Last week’s Grid Edge Innovation Summit 2019, Greentech Media’s annual conference, featured two days of in-depth analysis and frank discussions about the challenges and opportunities that the rise of distributed energy is bringing to utilities and regulators seeking to integrate them into the grid. 

We’ve already covered some of the highlights of the two-day conference, including the latest data from Wood Mackenzie Power & Renewables on grid edge investment trends, and presentations from utilities involved in cutting-edge projects involving rooftop solar, energy storage, electric vehicles and other distributed energy resources (DERs).  

But as with all of our grid edge conferences, there were plenty of news announcements and shared insights to catch up on after the fact.
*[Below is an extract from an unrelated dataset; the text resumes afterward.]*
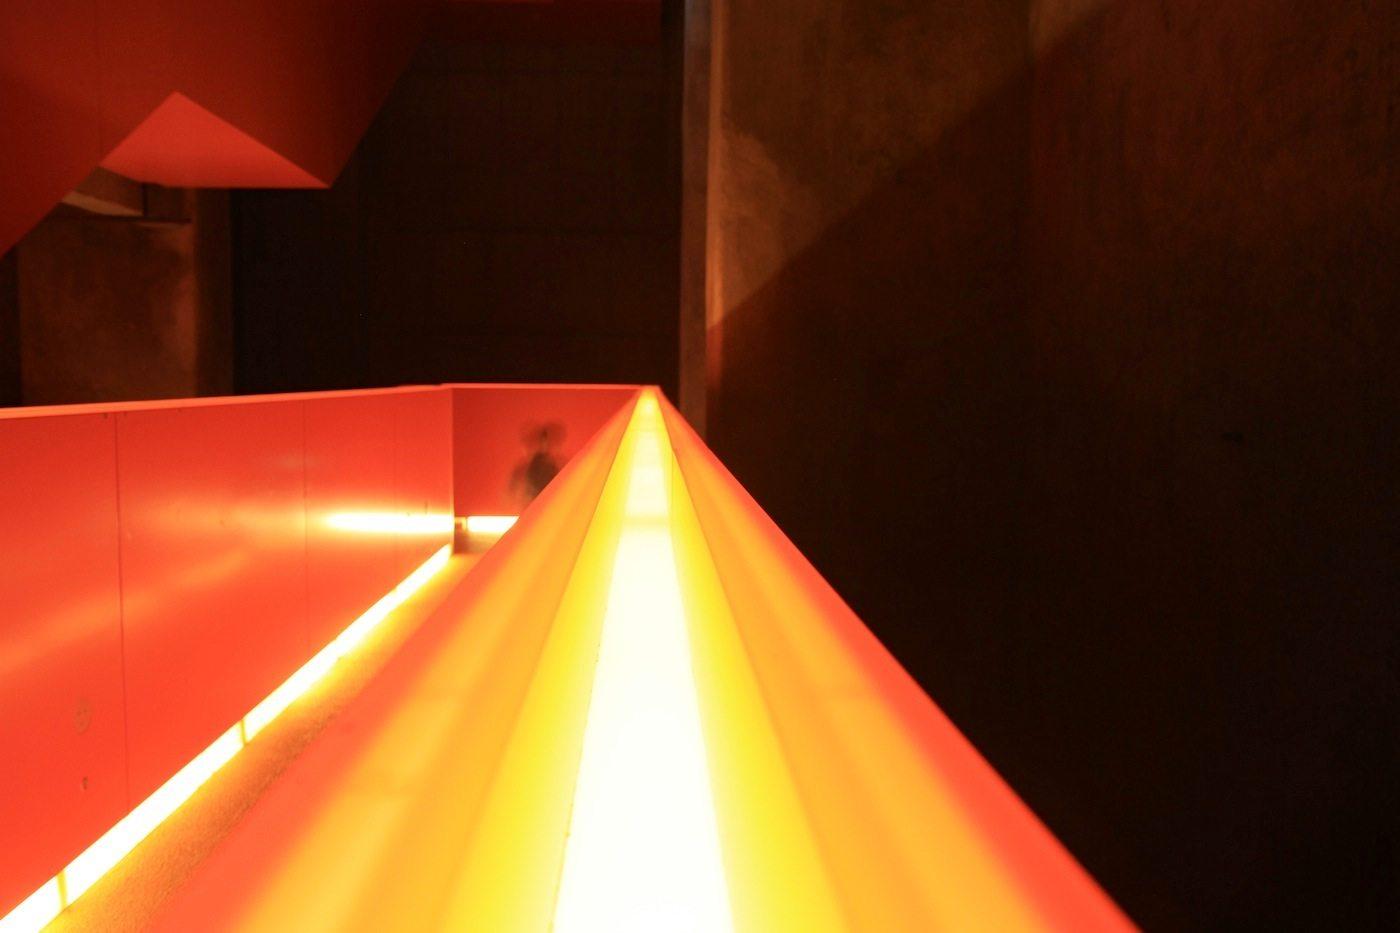 Zeche Zollverein.  Lichtbänder, die an Hitze, Glut und Stahl erinnern
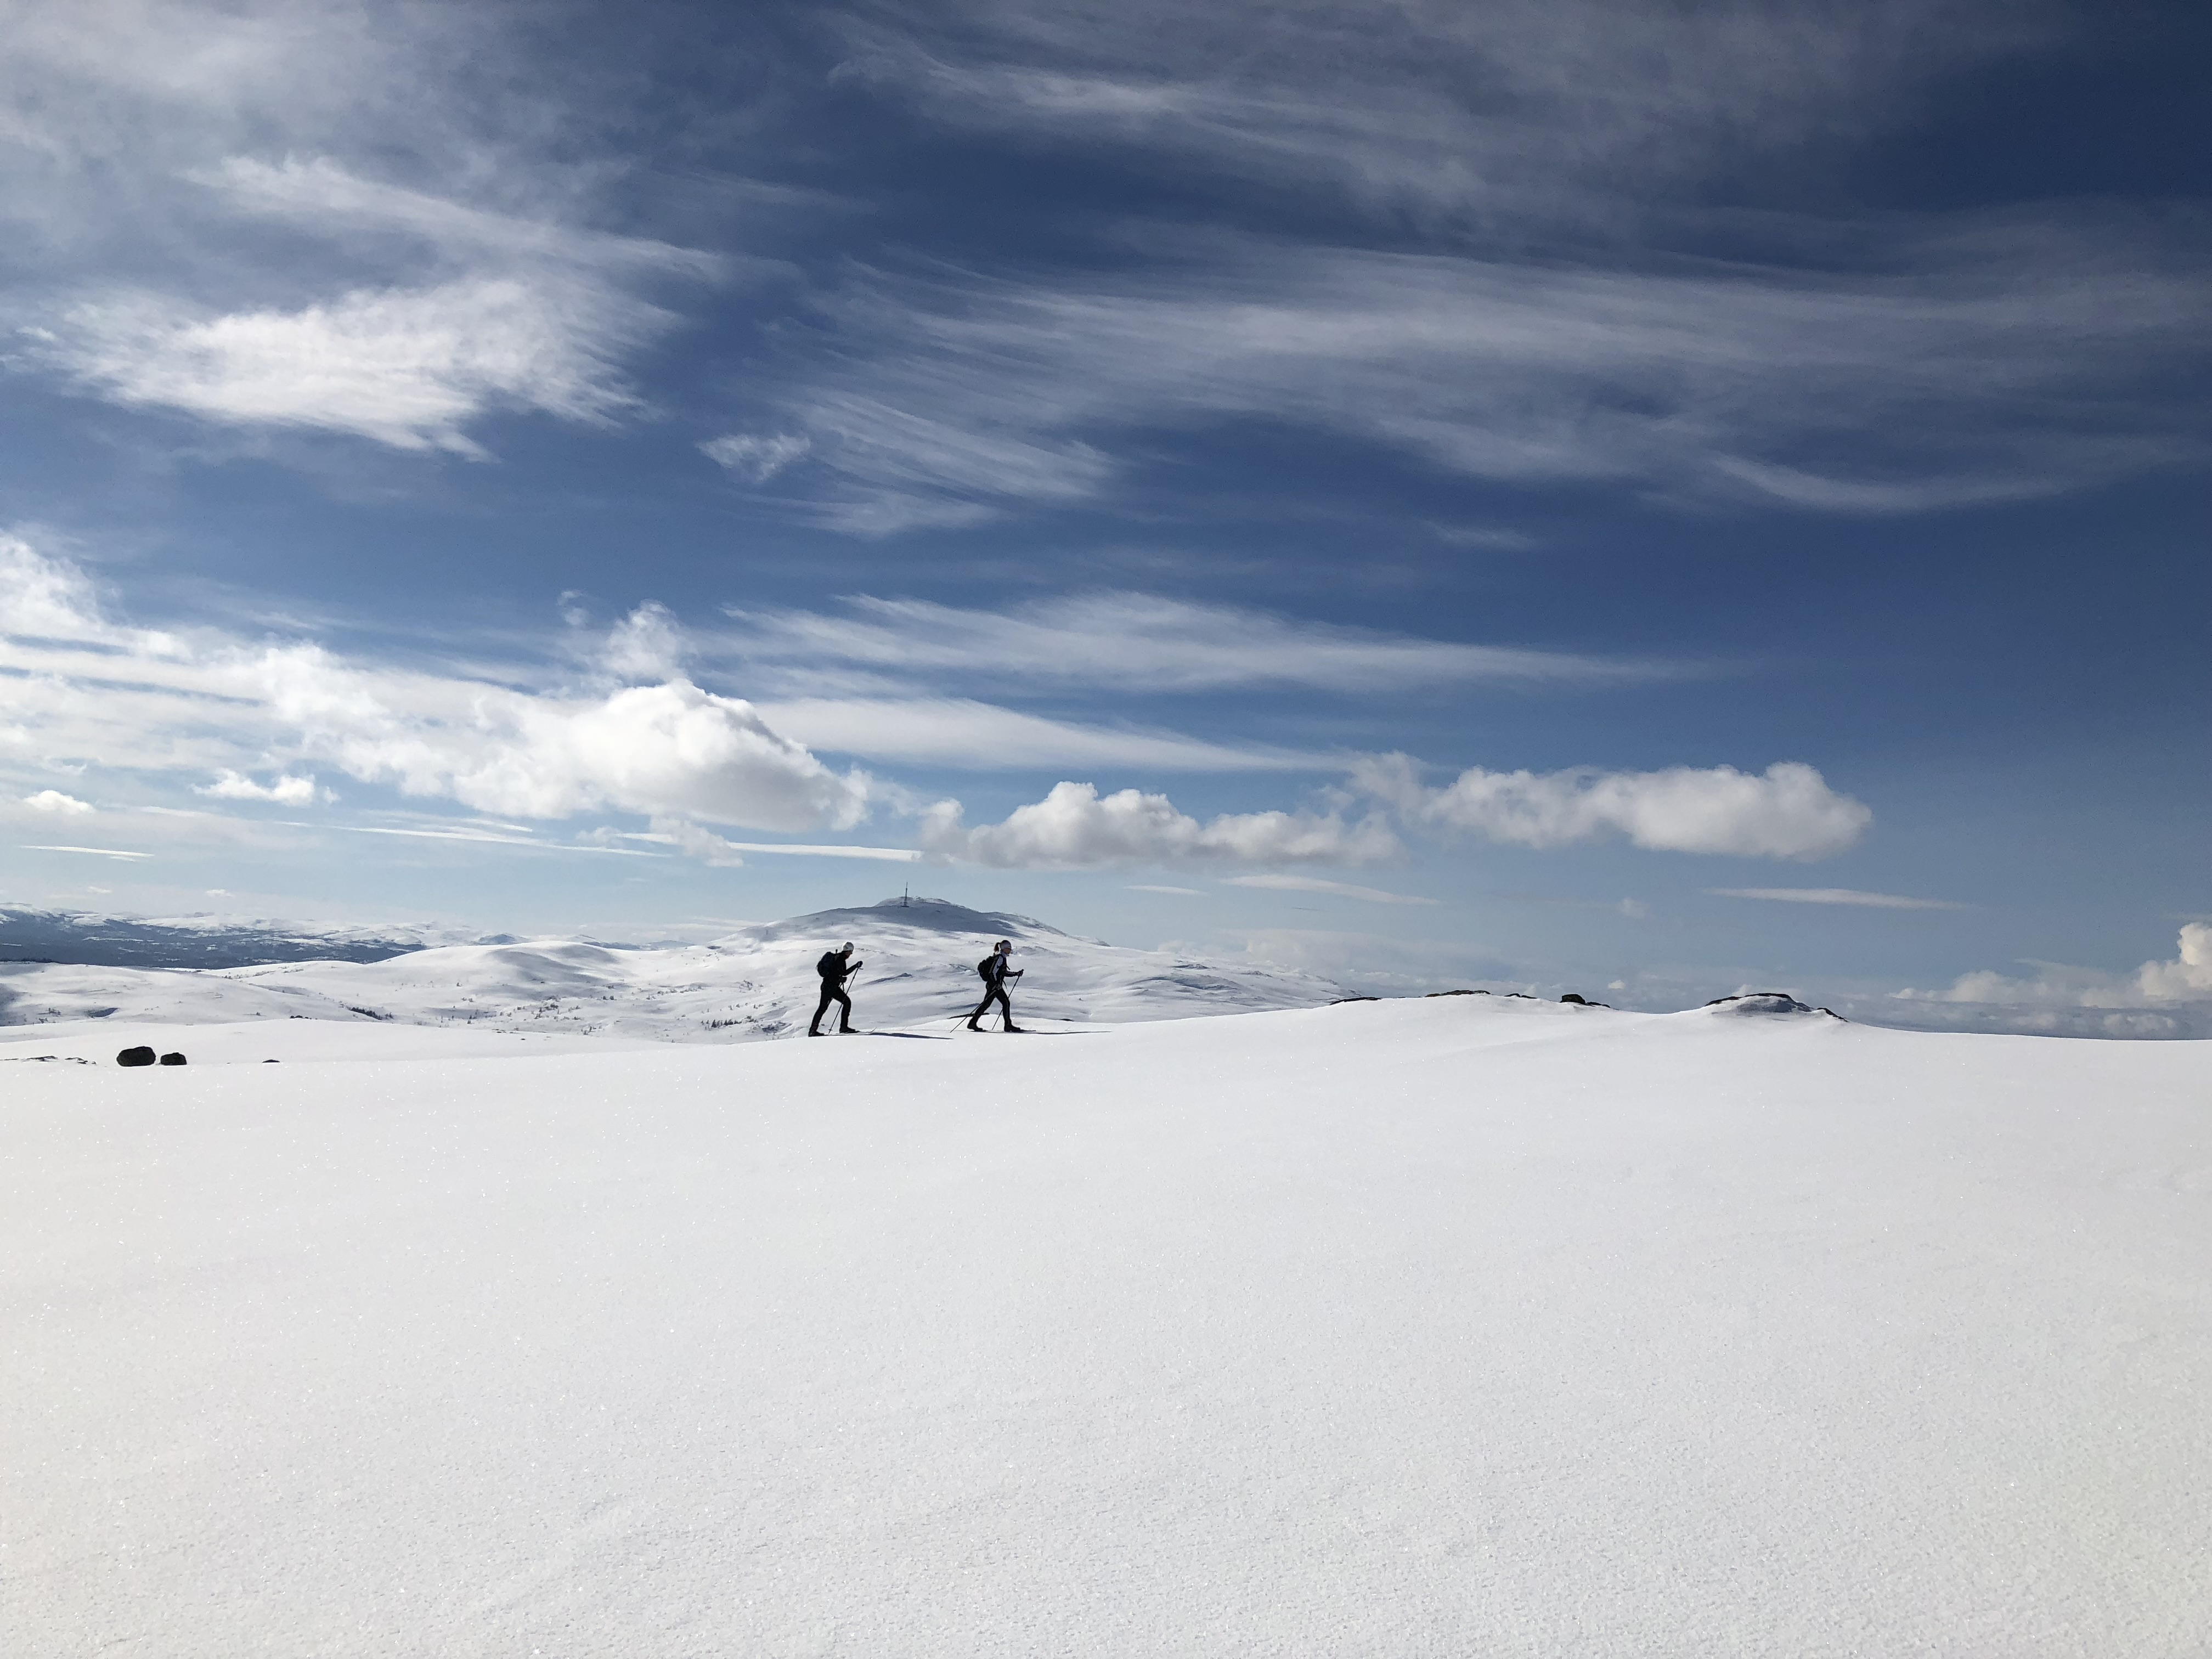 Jektheia, Namdalseid - topptur i Namdalen, Trøndelag. Foto: B.Snildal.

And for our GTM Squared members, we have archives of the videos of the on-stage presentations for those interested in hearing more.

Here are some of the most interesting developments from last week’s event. 

AutoGrid’s view on the world’s (currently) largest virtual power plant in Japan 

Over the past few years, we’ve seen a bit of a competition over the title of “world’s largest virtual power plant.”

More specifically — and to differentiate what we’re talking about from big multi-megawatt behind-the-meter battery-based VPPs — this competition is for the world’s most aggressively scoped plans for battery-backed solar systems deployed in the thousands, enough to make them a potential replacement for traditional power plants in terms of system capacity and flexibility. 

To date, the two biggest contenders have been the residential solar-storage projects being rolled out by Vermont utility Green Mountain Power and Australian utility AGL, which are aiming at 2,000 and 1,000 homes participating, respectively. To be sure, neither project has yet reached those goals, and both have had their reported share of challenges in getting things rolling with their groundbreaking efforts. 

But now Japan has taken claim to the title of world’s largest VPP, at least on paper.

The plan, announced last week by Japanese energy trading company Eneres Co. and Silicon Valley startup AutoGrid, is to build the “largest storage-virtual power plant in the world by asset volume,” with more than 10,000 behind-the-meter DERs, including solar panels, energy storage systems, combined-heat-and-power units, and electric vehicle batteries, in 2020 and 2021. 

Eneres is already developing commercial-industrial demand response assets that will form the foundation of the project’s first phase. But the second, more DER-focused phase will incorporate DERs at scale, using AutoGrid’s Flex platform, to create a “dispatchable virtual resource to participate in Japanese wholesale energy and capacity markets.” 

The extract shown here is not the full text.